Ночью вдруг просыпался Уклейкин от мягкого внутреннего толчка и уже не мог заснуть. Это было знакомое ощущение сердечной слабости. Когда припадок усиливался и не хватало воздуха, Уклейкин садился на постели и тер грудь, у сердца, со свистом втягивая воздух. Выступала испарина, расширялись зрачки и устало глядели в темноту. И тянулась ночь. И никто не отзывался на вздохи. А Матрена лежала на спине, положив руки на живот, словно защищала живущее и трепыхающееся в ней, никому не нужное и все же готовящееся отделиться от нее и жить.

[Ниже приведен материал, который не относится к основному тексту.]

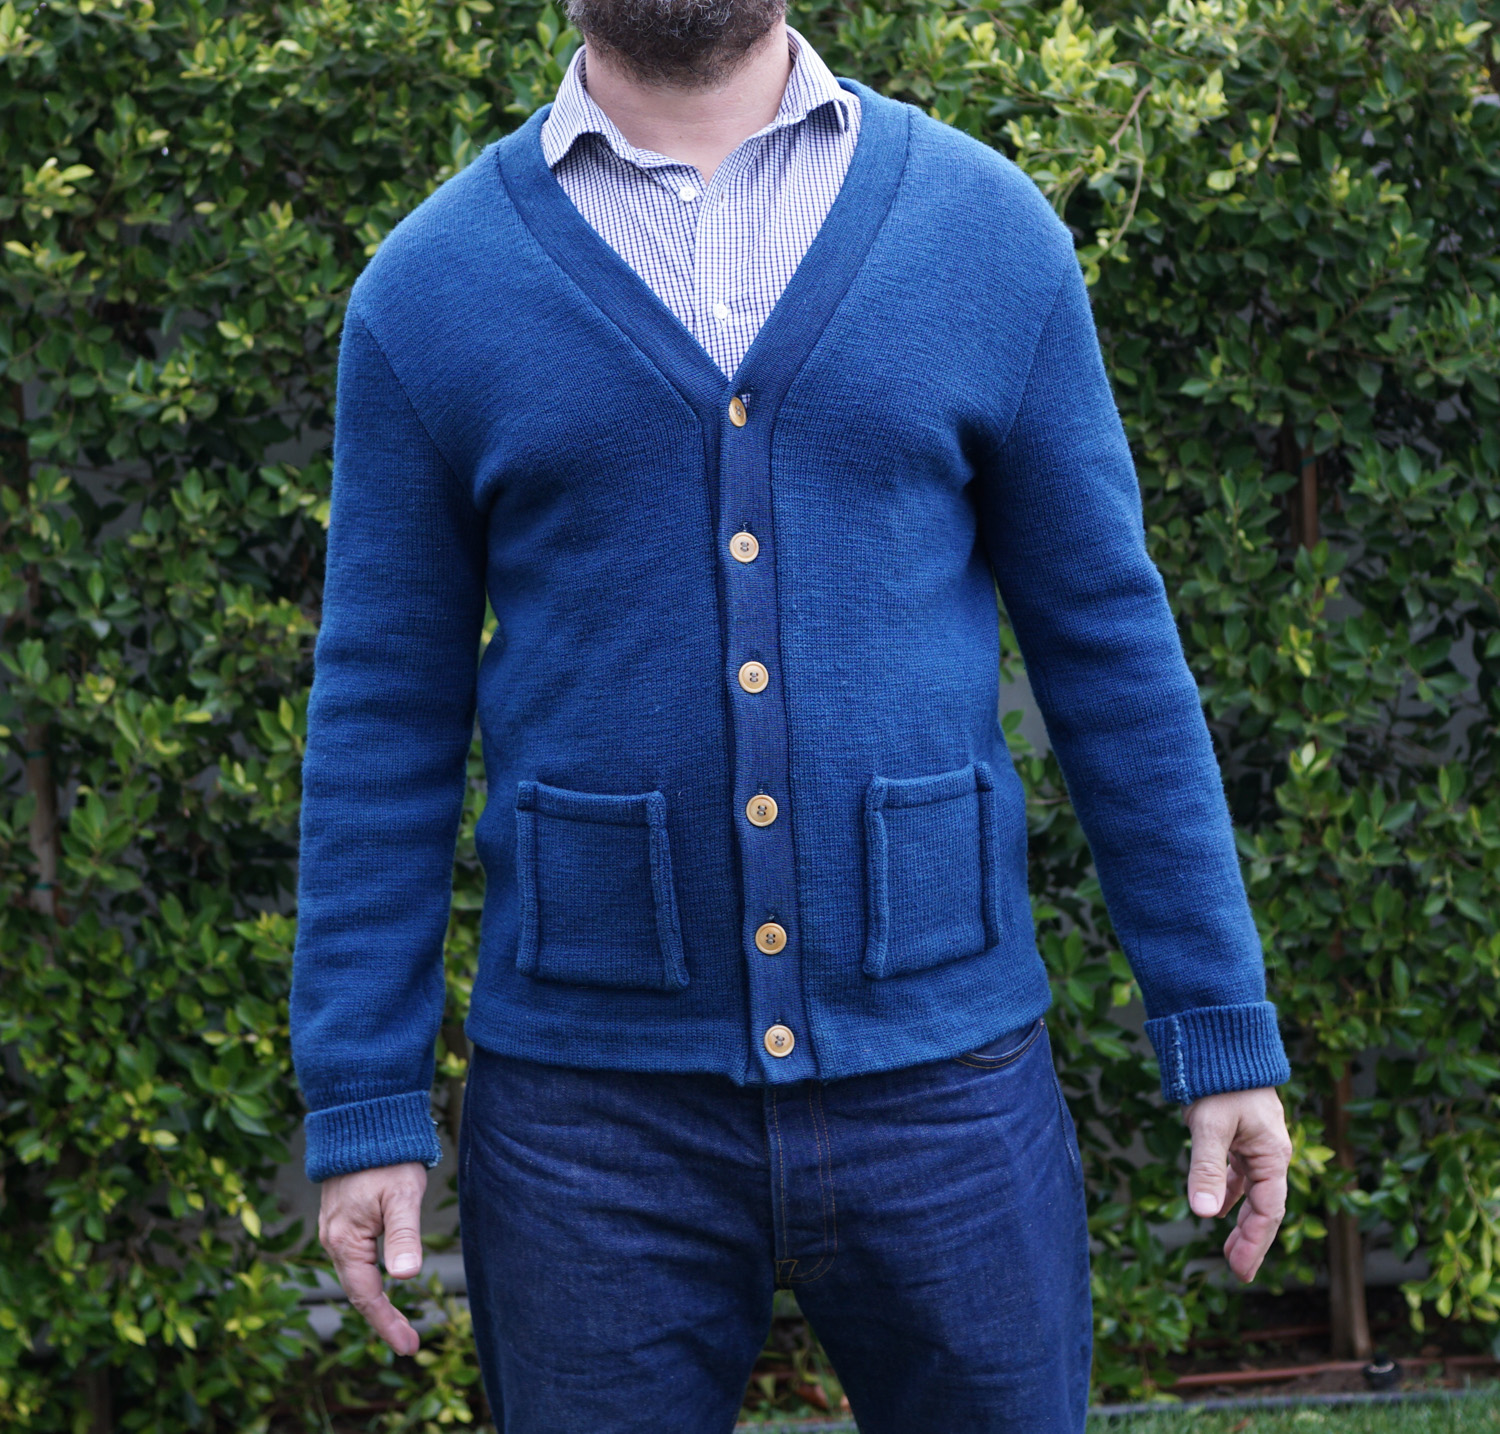 Mister Freedom Campus Cardigan Sweater in Indigo - Size XL | The Fedora ...

— А-а-ах… — тяжело вздыхал Уклейкин. — Господи… .

..Чи-чи, чи-чи, чи-чи… — перебоем отвечал маятник.

— Что, брат, нахохлился? — спрашивал иногда вечером Синица. — Аль час твой подходит?

— А ну… Хоть бы сдохнуть.

— Ну, сдохнуть-то всегда успеешь… Еще поживем!

— Не видать ничего.

Как-то, в чайной, знакомый самоварщик Крючков спросил, посмеиваясь:

— Живет жилец-то?

— Живет. А что?

— Да н-ничего… Еще не согнал?

— А за что мне его гнать?

— Да, конешно… ежели не за что…

— Ну и… нечего!

А на сердце легло. Кое-что вспомнилось: белая майская ночь.

После разговора ходил мрачный, не разговаривал ни с женой, ни с Синицей, а поглядывал исподлобья, стараясь уловить что-нибудь, и думал, думал.

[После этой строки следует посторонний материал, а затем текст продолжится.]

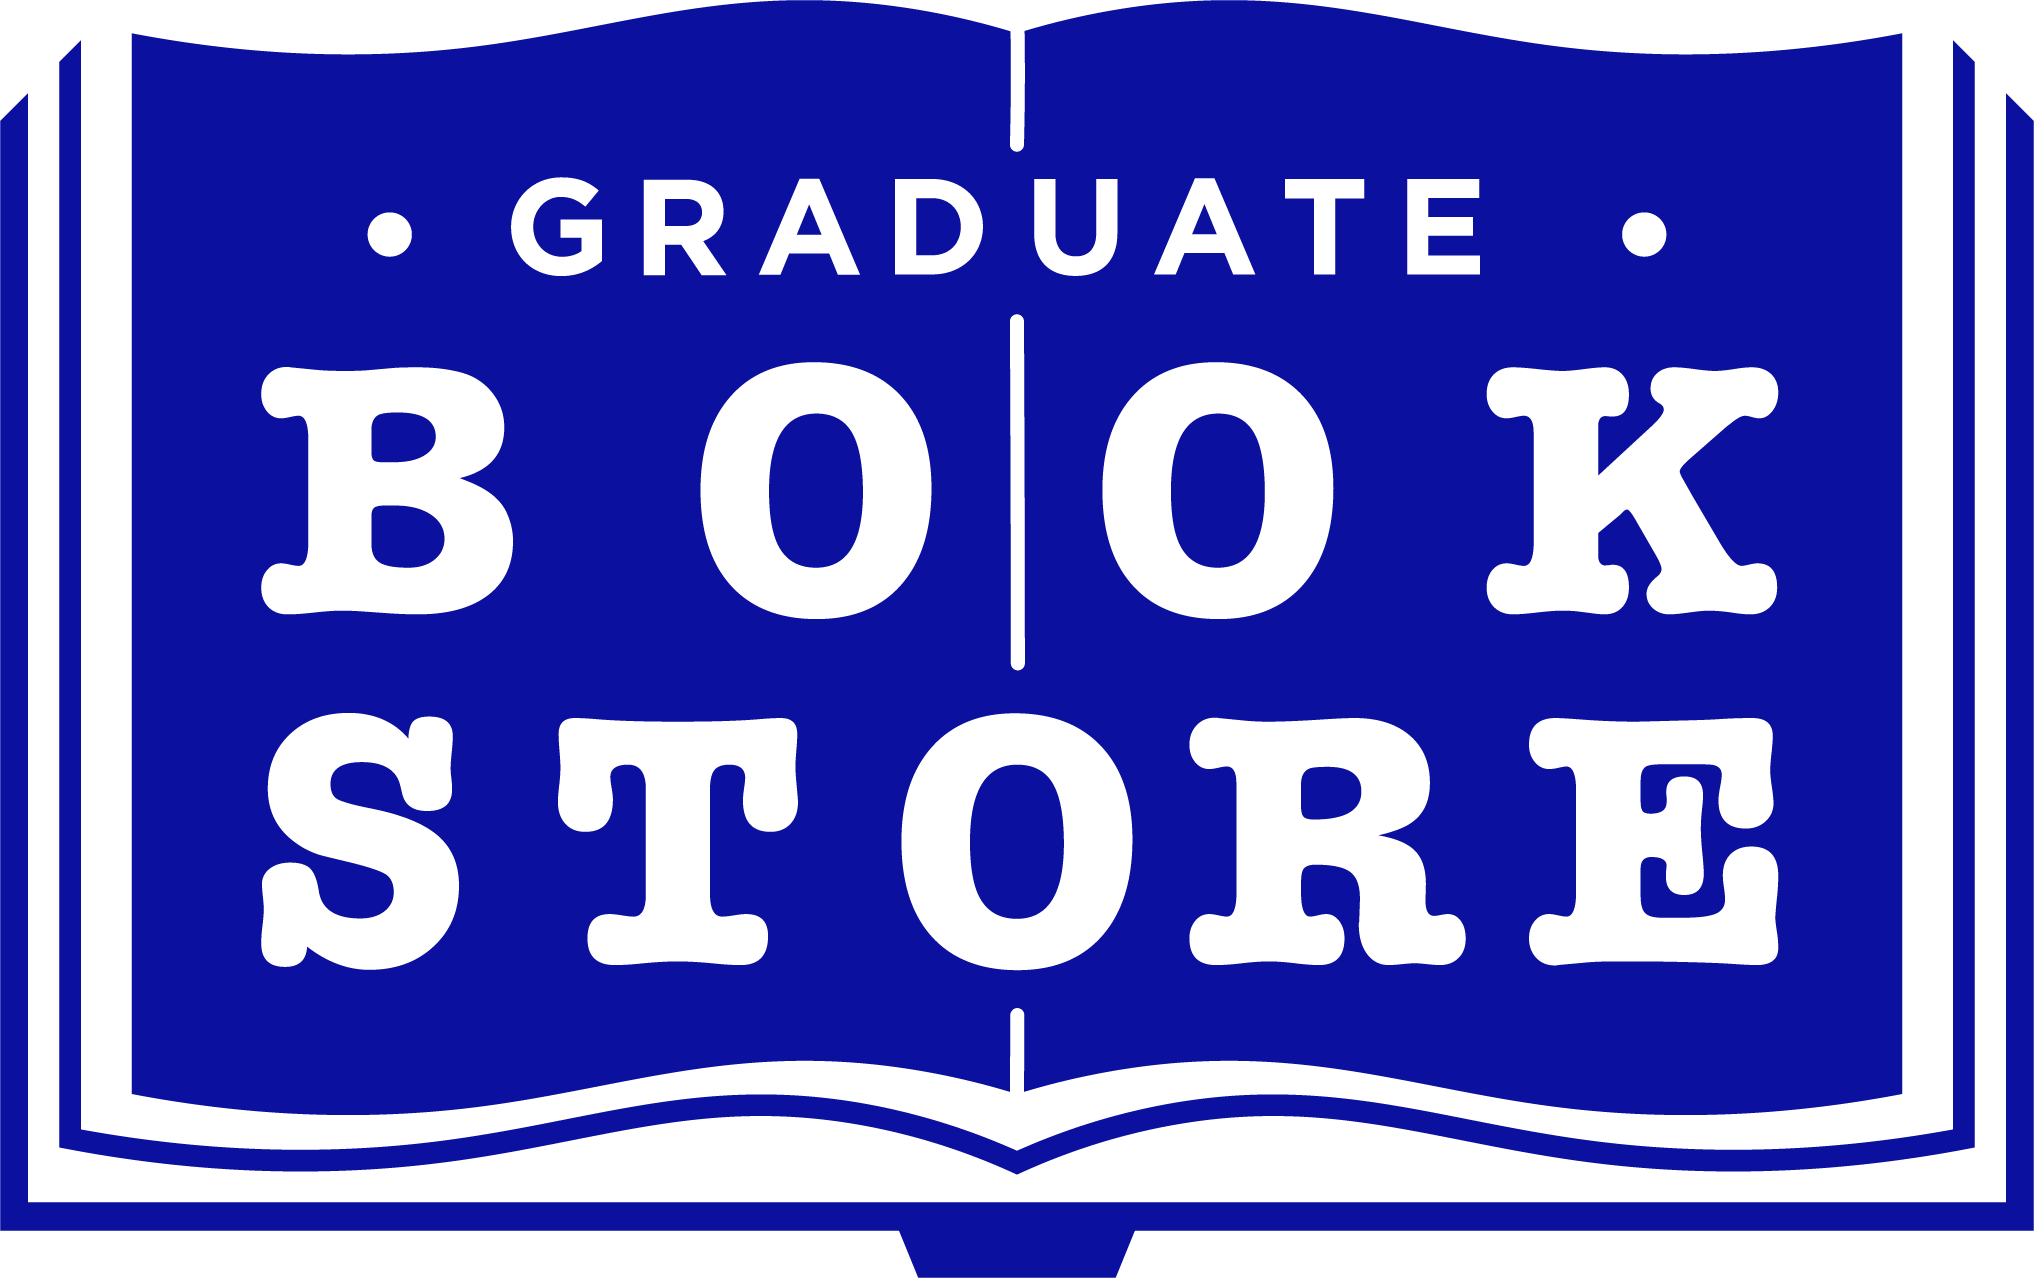 blue book logo png

И уже чувствовал он, что все хорошее, что бережно носил и таил в себе, что когда-то ночью пришло к нему, обожгло и заставило «поддержаться», — выбирается из него. И нельзя удержать. В душу ползла пустота, что делала жизнь без выхода, от которой он и хотел уйти куда-нибудь, где бы ни пути ни дороги не было, а так… лес.

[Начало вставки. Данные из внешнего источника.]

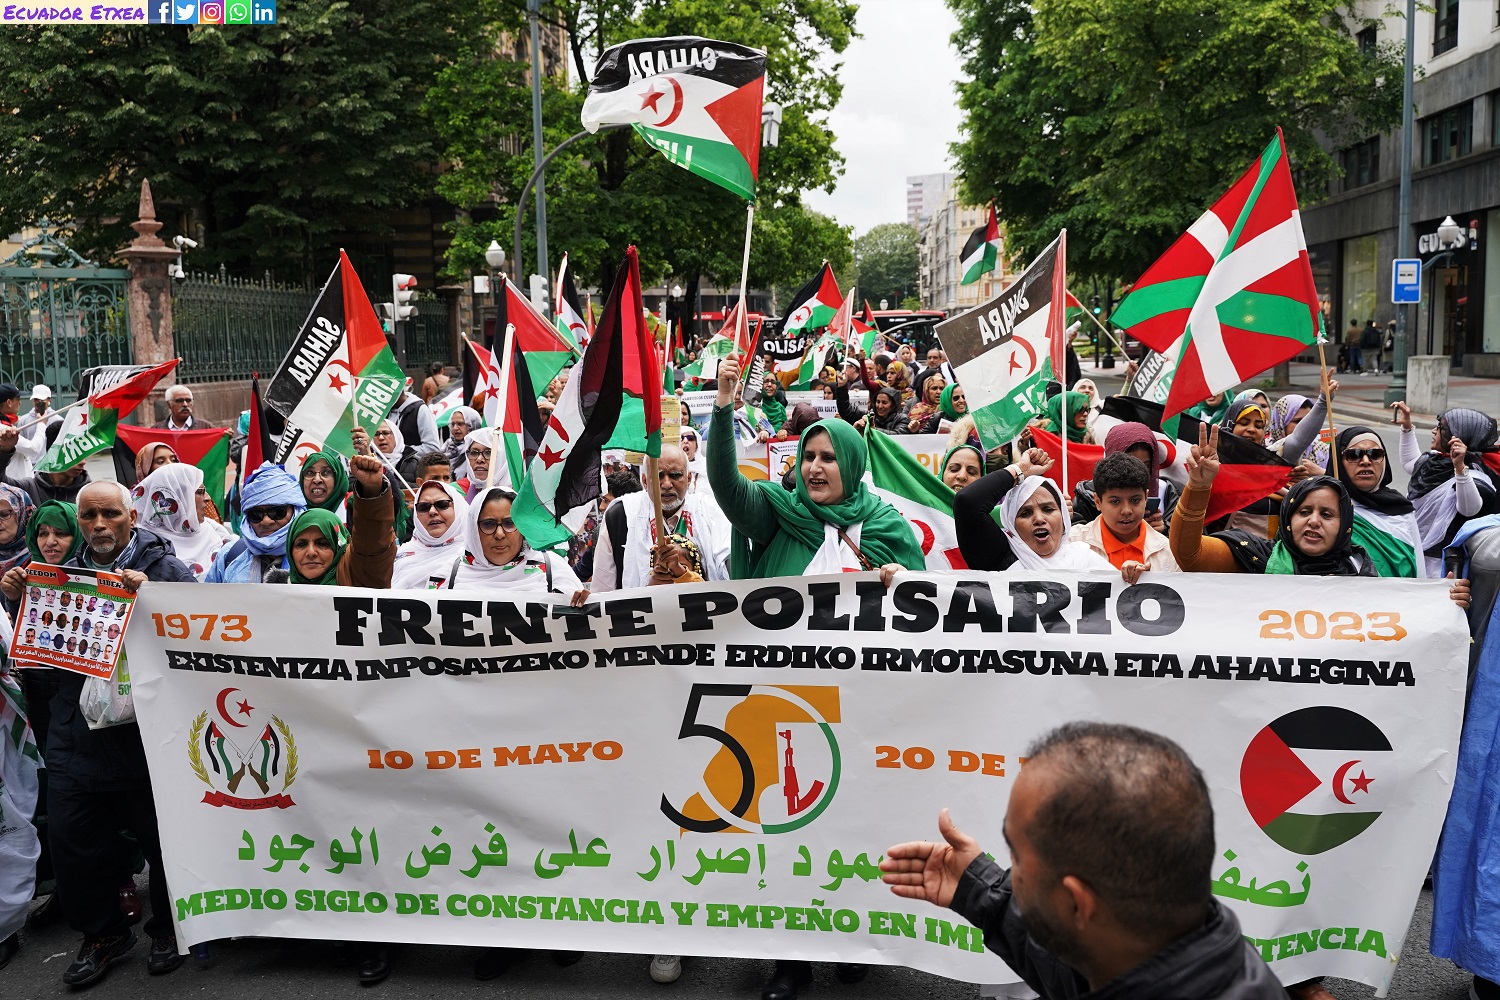 frente-polisario-50-aniversario-años-bilbao-españa-pedro-sánchez-ocupación-marruecos-sahara

И чувствовал он, что близок час его, как говорил Синица, и не стоит «выдерживать», потому что все равно ничего не видать.

XXII

И пришел день. Пришел дождливый день.

Возвращались депутаты.

Ходит, ходит по крыше дождик, ползает, царапается в водостоках. Прыгают пузыри в лужах. Плывут в мутной сетке телеги, хоронятся под мокрые рогожи мужики. Куры намокли и рядками жмутся по стенкам. А дождик ходит, ходит по крыше.

Уже не сиделось на липке и вываливалась работа. И, не сказав никому — куда, Уклейкин пошел на воздух.

Одну секунду задержался он на пороге лавки, постоял, оглянулся. Но все кругом заволокла мутная, постукивающая сетка дождя.

И тут же, у лавки, запрокинув голову, пил, глядя в небо.

— На парах гонишь? — сказал знакомый кузнец. — Наверстывай, брат… Насквозь прохватывает.

«А теперь домой», — уговаривал себя Уклейкин, зная, что пойдет домой, повертится и придет назад.

А когда отворял дверь, услышал, как Матрена в комнатке жильца кричала:

— А теперь на шлюху променял?!

— Сама-то кто… — лениво отзывался Синица.

— Я кто?.. Я?.. Мужняя жена я, вот кто!.. Кот несчастный!

— Му-ужняя… Бери, кому не нужно… И родить-то от мужа, должно, будешь?

Дух перехватило у Уклейкина. Он рванул дверь и смотрел на них, обжигая глазами и не находя слов. Теперь они сошлись все трое, чтобы развязать запутавшийся узел. Или еще больше запутать.

— Так вы… вы!..

Он бросился к Матрене и поднял ногу, чтобы ударить в живот, но Синица сбил его с ног.

— Полезешь?.. Сбесился, черт?!

— Ты… меня!.. ты еще меня… — бормотал, задыхаясь, Уклейкин, ища глазами что-нибудь тяжелое, чувствуя беспомощность перед этим сильным человеком. И, схватив попавшуюся под руку колодку, с силой ударил наборщика в грудь.

Они схватились опять, и Синица, навалившись, бил Уклейкина хлюпающими, короткими ударами по глазам и лицу, а Уклейкин старался запрятать голову, разевал рот и хрипел.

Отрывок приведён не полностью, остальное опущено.